Streets like Stockton Boulevard, however, pose dangers to cyclists for whom the street might be their only avenue in and out of the city’s center. Although a bike lane is present along part of this thoroughfare, it’s narrow and fast-driving cars have hit cyclists as recently as last March.
“You're having to ride your bike on a really unsafe corridor,” Banks said. “That is inequitable and unacceptable.”
The city has recognized these dangers in projects like Vision Zero and plans to address streets like Stockton Boulevard. Even so, Banks said the hazards remain for the time being.
“It's had a lot of work done in terms of the planning process,” she said of Stockton Boulevard. “But it hasn’t yet broken ground and it really desperately needs to.
In the meantime, cyclists like Risley have found ways to adapt. When he’s guiding a group with Bike Party, he says he’ll play it safe on less bike-friendly roads.
“We won't ride down Broadway,” he said. “We'll cross it, so that you can see there's bikes out here, but we won't ride down that way because it's just so dangerous, and then we become a nuisance because we have too many people.”
Risley said overall, he’s encouraged by recent changes. When Bike Party began about a decade ago, he said he didn’t see as much in motion to make Sacramento safer for cyclists.
“It didn't seem like there was a lot of activity, let's say, five or seven years ago,” he said. “It seems like a lot more is happening now, which really pleases me.”
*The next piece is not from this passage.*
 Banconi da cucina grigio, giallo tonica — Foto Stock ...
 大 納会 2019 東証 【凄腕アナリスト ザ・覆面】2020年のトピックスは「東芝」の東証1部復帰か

Initial construction for the Central City Mobility Project has focused on 19th and 21st streets, with more protected bike lanes to come in other parts of the city’s core. Vulliet said construction will move next to I, Q and D streets, as well as 5th, 9th and 10th streets in the coming weeks. He expects construction on these roadways to be complete or at least near complete by the end of the summer.